OpenDocument Format (ISO/IEC 26300) / Office Open XML (ISO/IEC 29500) Translation

to:

OpenDocument Format (ISO/IEC 26300) / Office Open XML (ISO/IEC 29500) Translation Guidelines

Adding the word “guidelines” to the title should make it clear to anybody noticing this project that it is not an “answer” to ODF/OOXML interoperability, merely a discursive document. For myself, I have doubts about the ultimate usefulness of such a document.

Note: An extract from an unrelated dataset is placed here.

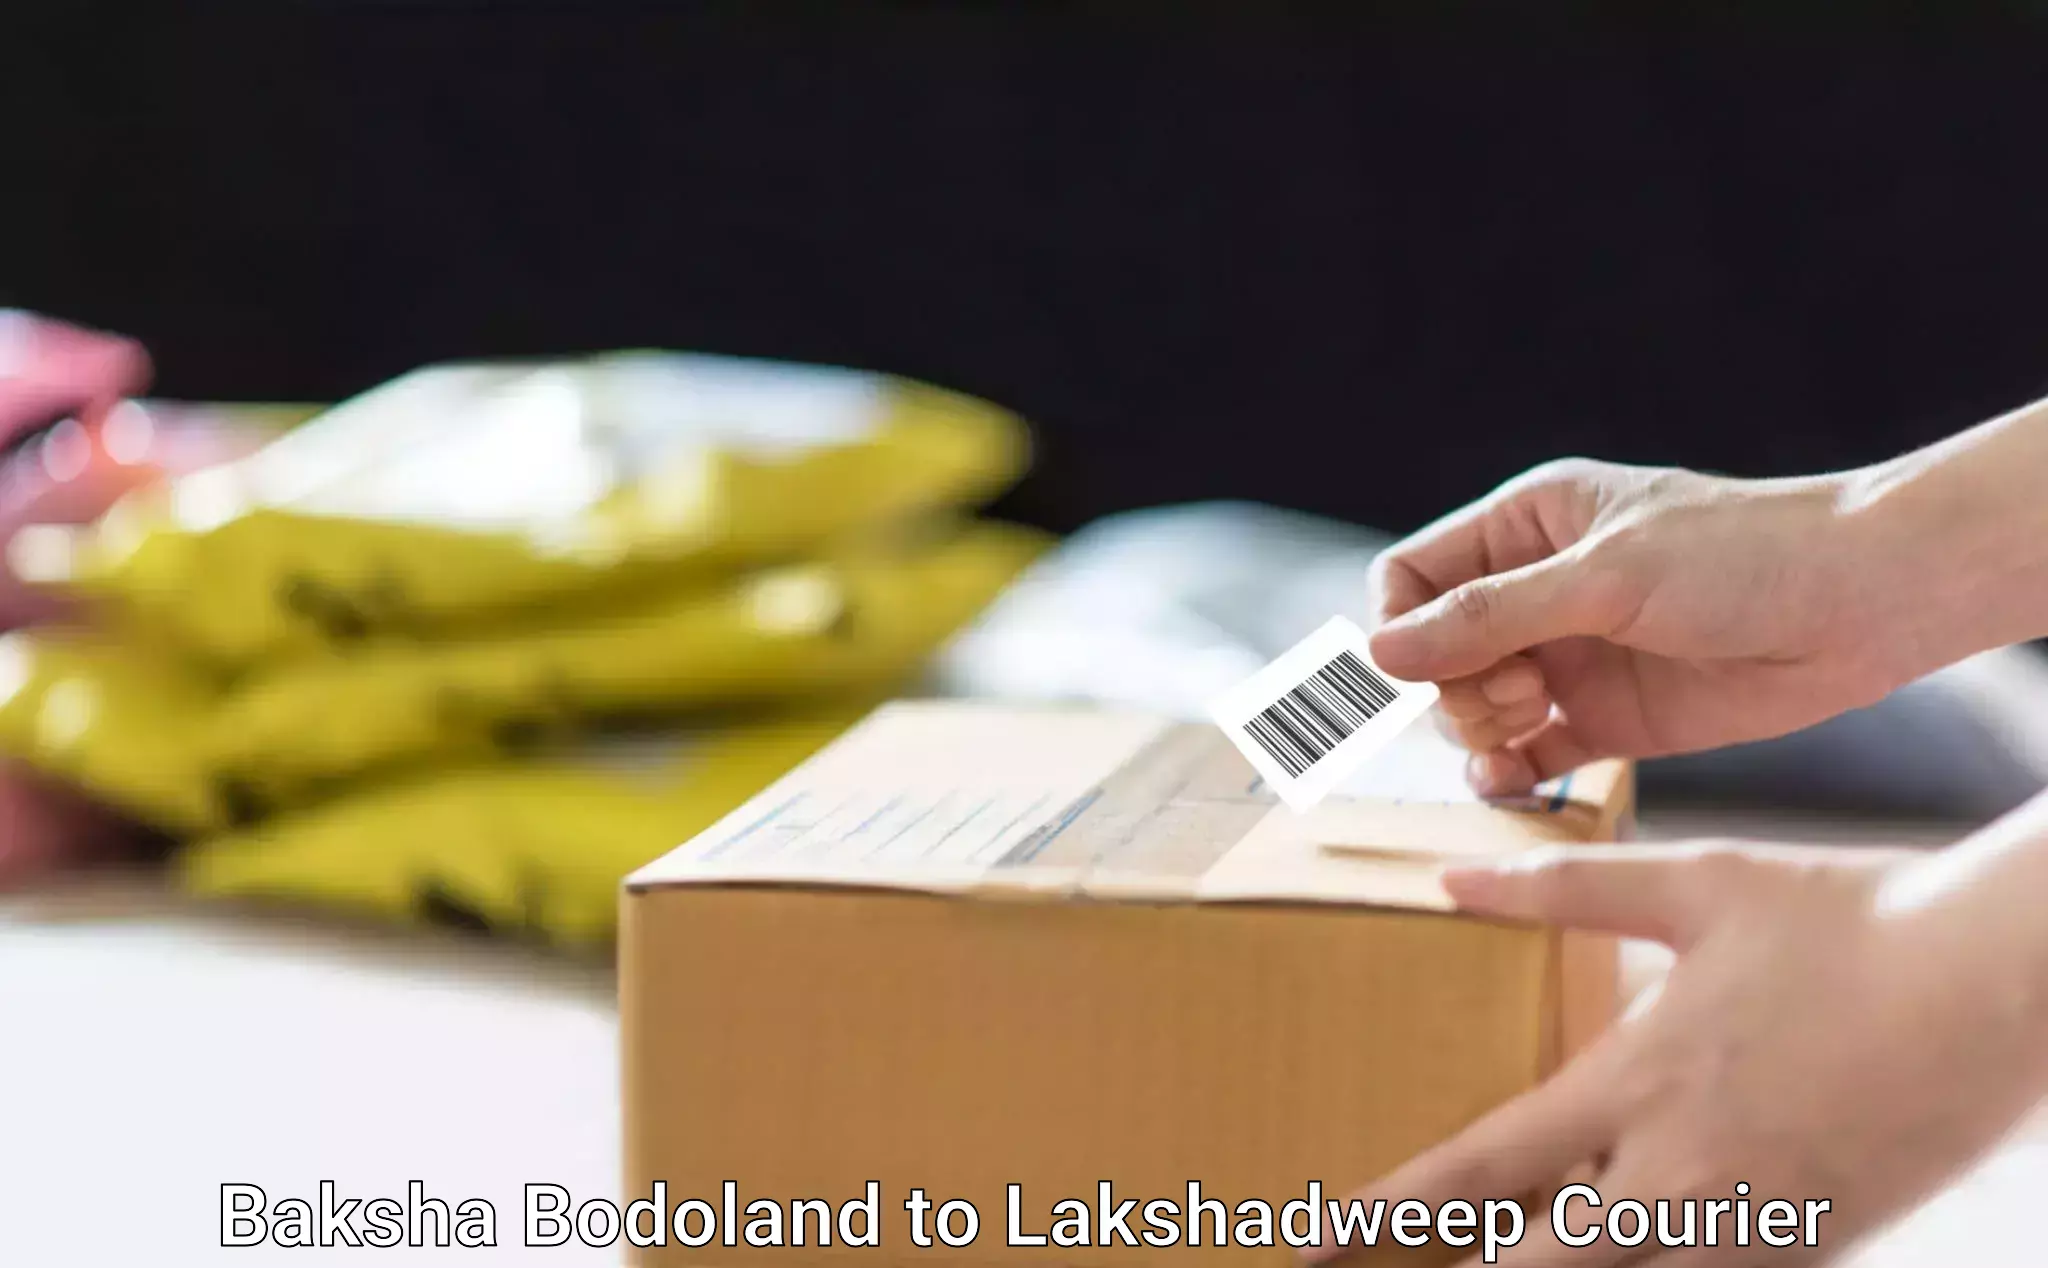 Courier tracking online Baksha Bodoland to Lakshadweep

It is disappointing to see the poor rate of progress on meaningful interoperability and harmonisation work. Of course these things are motherhood and apple pie in discussion – but when the time comes to find volunteers to actually help, few hands go up. In my view, the only hope of achieving any meaningful harmonisation work is to get Another Big Vendor interested in backing it, and I know some behind-the-scenes work will be taking place to beat the undergrowth and see if just such a vendor can be found.

De Gustibus

Sarah has persuaded me to submit an entry for the The normblog Posterity Collection poll. It is:

1. Poet - Chaucer
2. Playwright - Shakespeare
3. Novelist - E.M. Forster
4. Composer - Beethoven, Bruckner, Mozart, Schubert
5. Jazz musician - Milt Jackson
6. Rock or pop star/group - ABBA
7. Country music ditto
8. Movie director - Michael Powell
9. Painter - Vermeer
10. Photographer
11. Sculptor - Richard Serra
12. Architect

E.M. Forster - really? Strange what this exercise makes you discover about yourself ...

(Actually, I'm distracted by the fact there is no Unicode character for the backwards B in ABBA).